Summary on the Nature and Action of Tendrils.
With the majority of tendril-bearing plants the young internodes revolve in more or less broad ellipses, like those made by twining plants; but the figures described, when carefully traced, generally form irregular ellipsoidal spires. The rate of revolution varies from one to five hours in different species, and consequently is in some cases more rapid than with any twining plant, and is never so slow as with those many twiners which take more than five hours for each revolution. The direction is variable even in the same individual plant. In Passiflora, the internodes of only one species have the power of revolving. The Vine is the weakest revolver observed by me, apparently exhibiting only a trace of a former power. In the Eccremocarpus the movement is interrupted by many long pauses. Very few tendril-bearing plants can spirally twine up an upright stick. Although the power of twining has generally been lost, either from the stiffness or shortness of the internodes, from the size of the leaves, or from some other unknown cause, the revolving movement of the stem serves to bring the tendrils into contact with surrounding objects.

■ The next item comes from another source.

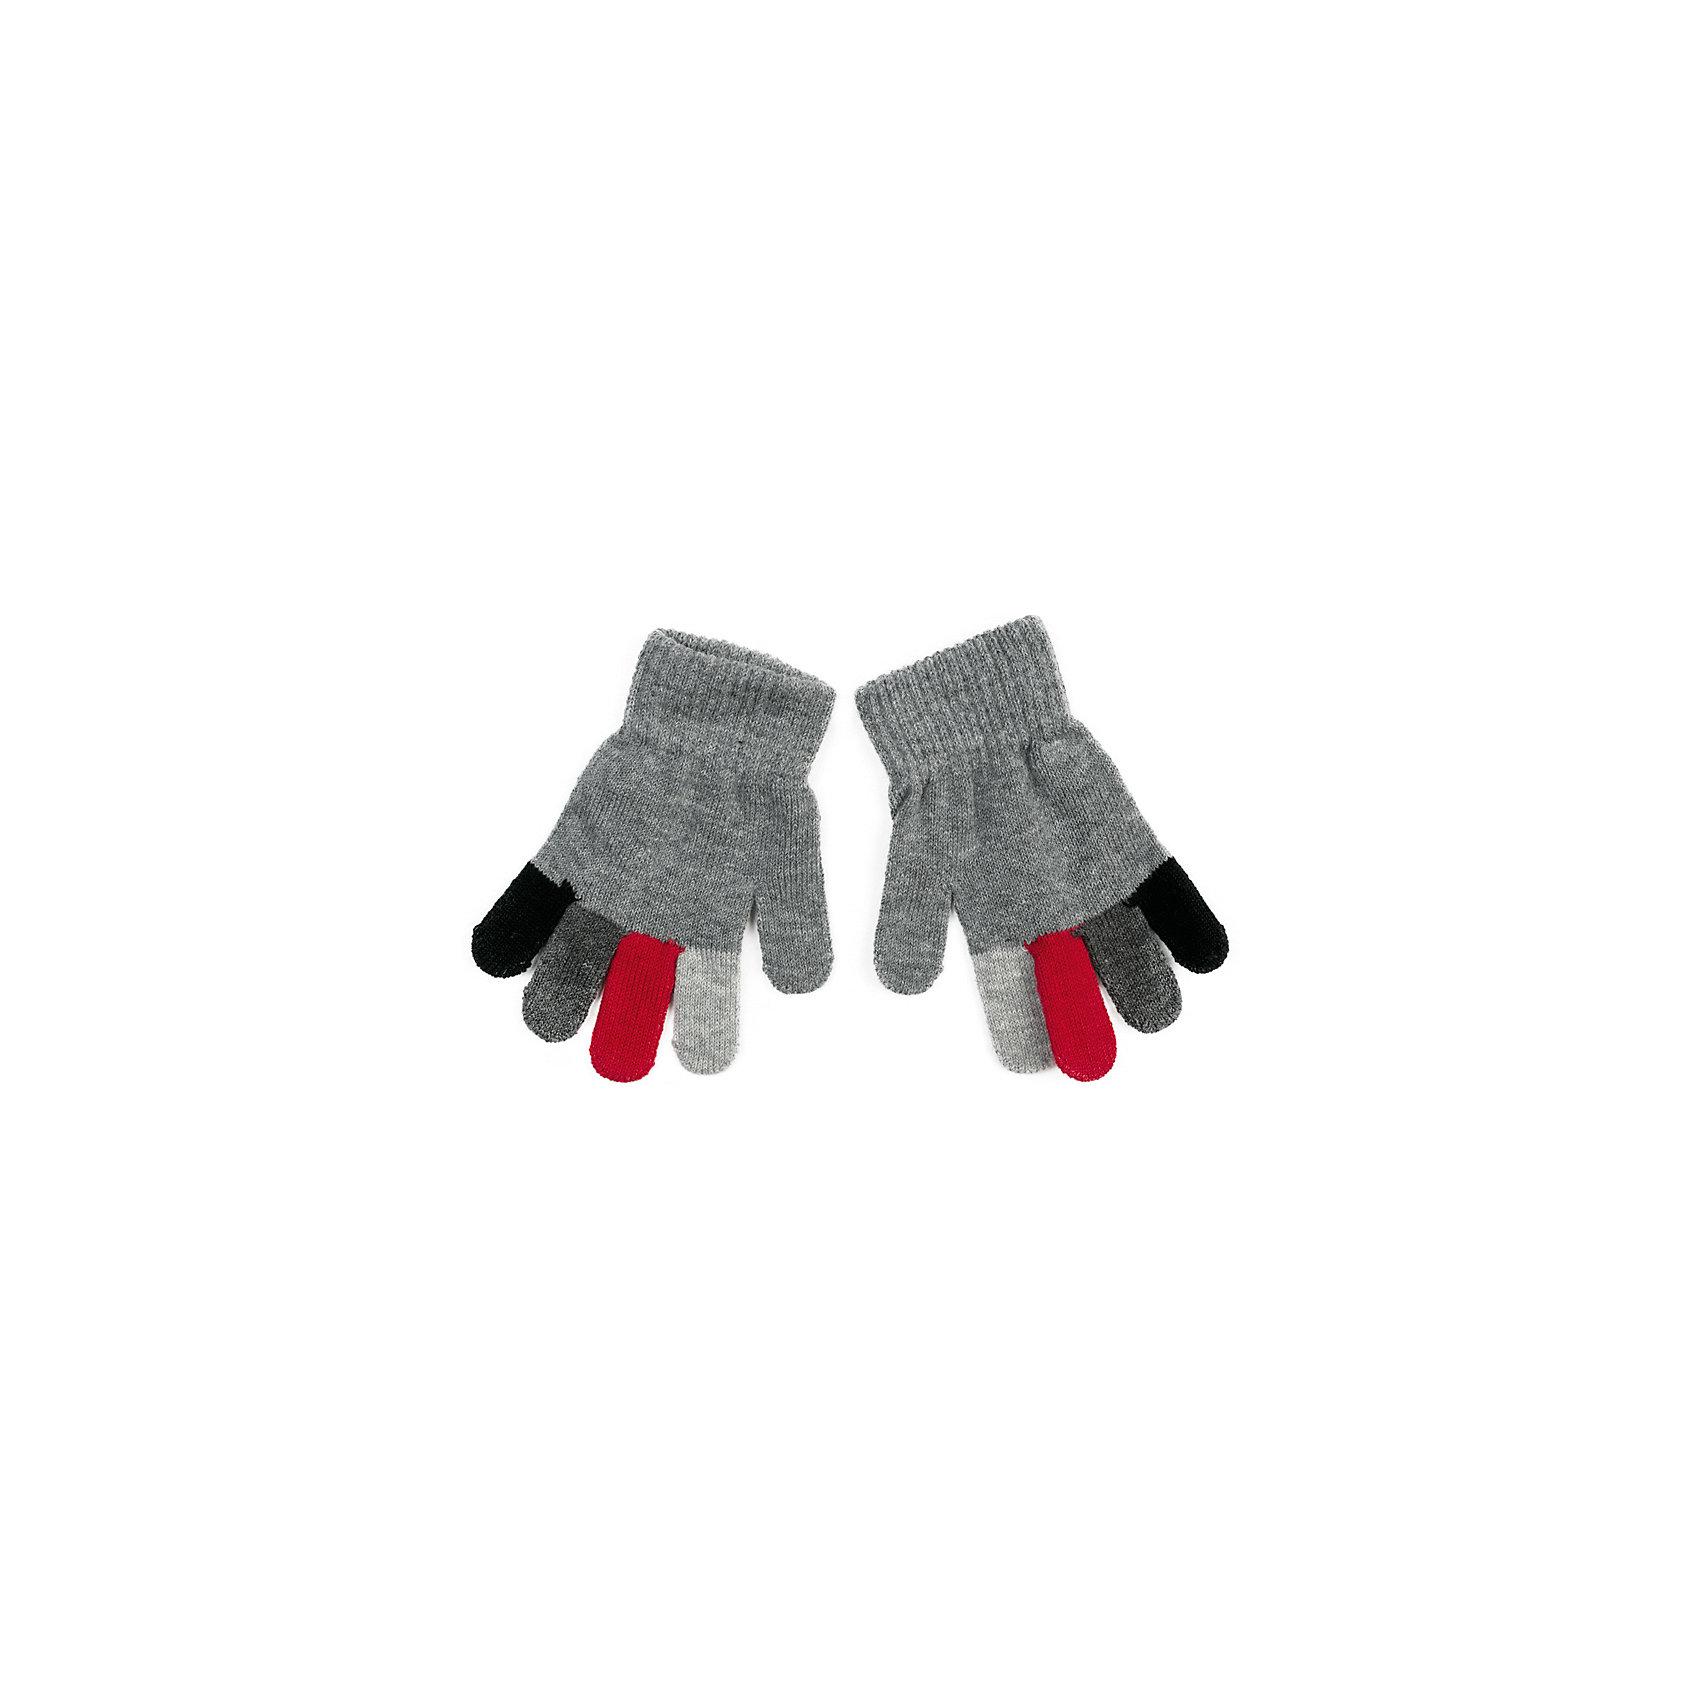 Перчатки PlayToday для мальчикаПерчатки, варежки<br>Перчатки PlayToday для мальчика<br>Вязаные перчатки станут идеальным вариантом для прохладной погоды. Они очень мягкие, хорошо тянутся и прекрасно сохраняют тепло. На манжетах - плотная резинка, которая хорошо держит перчатки на руках ребенка. Модель выполнена в технике yarn dyed, в процессе производства используются разного цвета нити. Изделие, при рекомендуемом уходе, не линяет и надолго остается в прежнем виде.<br>Состав:<br>80% хлопок, 18% нейлон, 2% эластан<br><br>Ширина мм: 162<br>Глубина мм: 171<br>Высота мм: 55<br>Вес г: 119<br>Цвет: белый<br>Возраст от месяцев: 84<br>Возраст до месяцев: 96<br>Пол: Мужской<br>Возраст: Детский<br>Размер: 4,2,3<br>SKU: 7106042

The tendrils themselves also spontaneously revolve. The movement begins whilst the tendril is young, and is at first slow. The mature tendrils of Bignonia littoralis move much slower than the internodes. Generally, the internodes and tendrils revolve together at the same rate; in Cissus, Cobaea, and most Passiflorae, the tendrils alone revolve; in other cases, as with Lathyrus aphaca, only the internodes move, carrying with them the motionless tendrils; and, lastly (and this is the fourth possible case), neither internodes nor tendrils spontaneously revolve, as with Lathyrus grandiflorus and Ampelopsis. In most Bignonias, Eccremocarpus Mutisia, and the Fumariaceae, the internodes, petioles and tendrils all move harmoniously together. In every case the conditions of life must be favourable in order that the different parts should act in a perfect manner.

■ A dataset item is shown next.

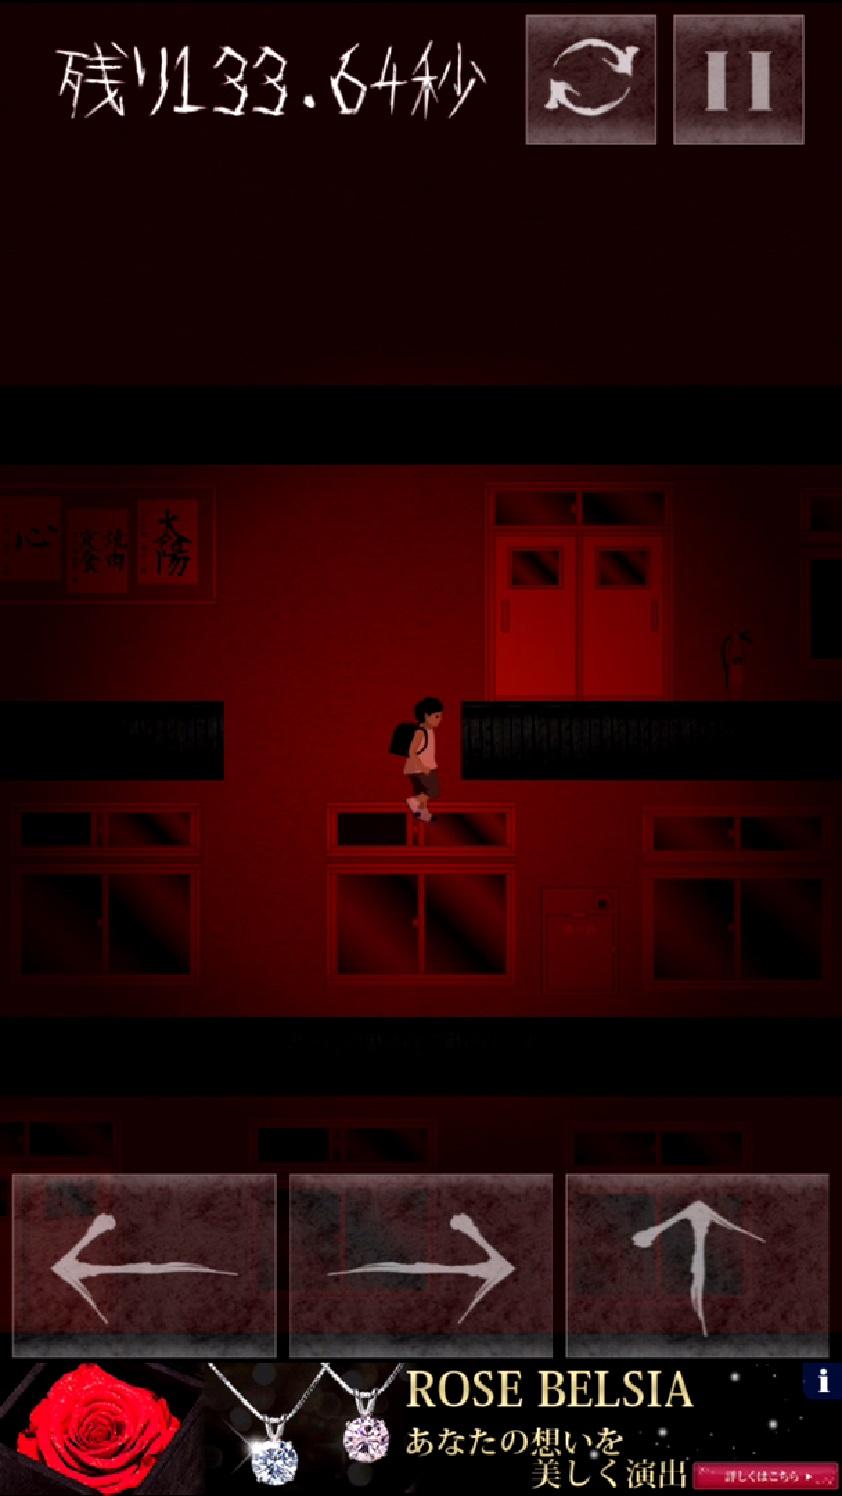 androidアプリ 夜の校舎で迷ったら・・・攻略スクリーンショット5

Tendrils revolve by the curvature of their whole length, excepting the sensitive extremity and the base, which parts do not move, or move but little. The movement is of the same nature as that of the revolving internodes, and, from the observations of Sachs and H. de Vries, no doubt is due to the same cause, namely, the rapid growth of a longitudinal band, which travels round the tendril and successively bows each part to the opposite side. Hence, if a line be painted along that surface which happens at the time to be convex, the line becomes first lateral, then concave, then lateral, and ultimately again convex. This experiment can be tried only on the thicker tendrils, which are not affected by a thin crust of dried paint. The extremities are often slightly curved or hooked, and the curvature of this part is never reversed; in this respect they differ from the extremities of twining shoots, which not only reverse their curvature, or at least become periodically straight, but curve themselves in a greater degree than the lower part. In most other respects a tendril acts as if it were one of several revolving internodes, which all move together by successively bending to each point of the compass. There is, however, in many cases this unimportant difference, that the curving tendril is separated from the curving internode by a rigid petiole. With most tendril-bearers the summit of the stem or shoot projects above the point from which the tendril arises; and it is generally bent to one side, so as to be out of the way of the revolutions swept by the tendril. In those plants in which the terminal shoot is not sufficiently out of the way, as we have seen with the Echinocystis, as soon as the tendril comes in its revolving course to this point, it stiffens and straightens itself, and thus rising vertically up passes over the obstacle in an admirable manner.
All tendrils are sensitive, but in various degrees, to contact with an object, and curve towards the touched side. With several plants a single touch, so slight as only just to move the highly flexible tendril, is enough to induce curvature. Passiflora gracilis possesses the most sensitive tendrils which I have observed: a bit of platina wire 0.02 of a grain (1.23 mg.) in weight, gently placed on the concave point, caused a tendril to become hooked, as did a loop of soft, thin cotton thread weighing one thirty-second of a grain (2.02 mg.) With the tendrils of several other plants, loops weighing one sixteenth of a grain (4.05 mg.) sufficed. The point of a tendril of Passiflora gracilis began to move distinctly in 25 seconds after a touch, and in many cases after 30 seconds. Asa Gray also saw movement in the tendrils of the Cucurbitaceous genus, Sicyos, in 30 seconds. The tendrils of some other plants, when lightly rubbed, moved in a few minutes; with Dicentra in half-an- hour; with Smilax in an hour and a quarter or half; and with Ampelopsis still more slowly. The curling movement consequent on a single touch continues to increase for a considerable time, then ceases; after a few hours the tendril uncurls itself, and is again ready to act. When the tendrils of several kinds of plants were caused to bend by extremely light weights suspended on them, they seemed to grow accustomed to so slight a stimulus, and straightened themselves, as if the loops had been removed. It makes no difference what sort of object a tendril touches, with the remarkable exception of other tendrils and drops of water, as was observed with the extremely sensitive-tendrils of Passiflora gracilis and of the Echinocystis. I have, however, seen tendrils of the Bryony which had temporarily caught other tendrils, and often in the case of the vine.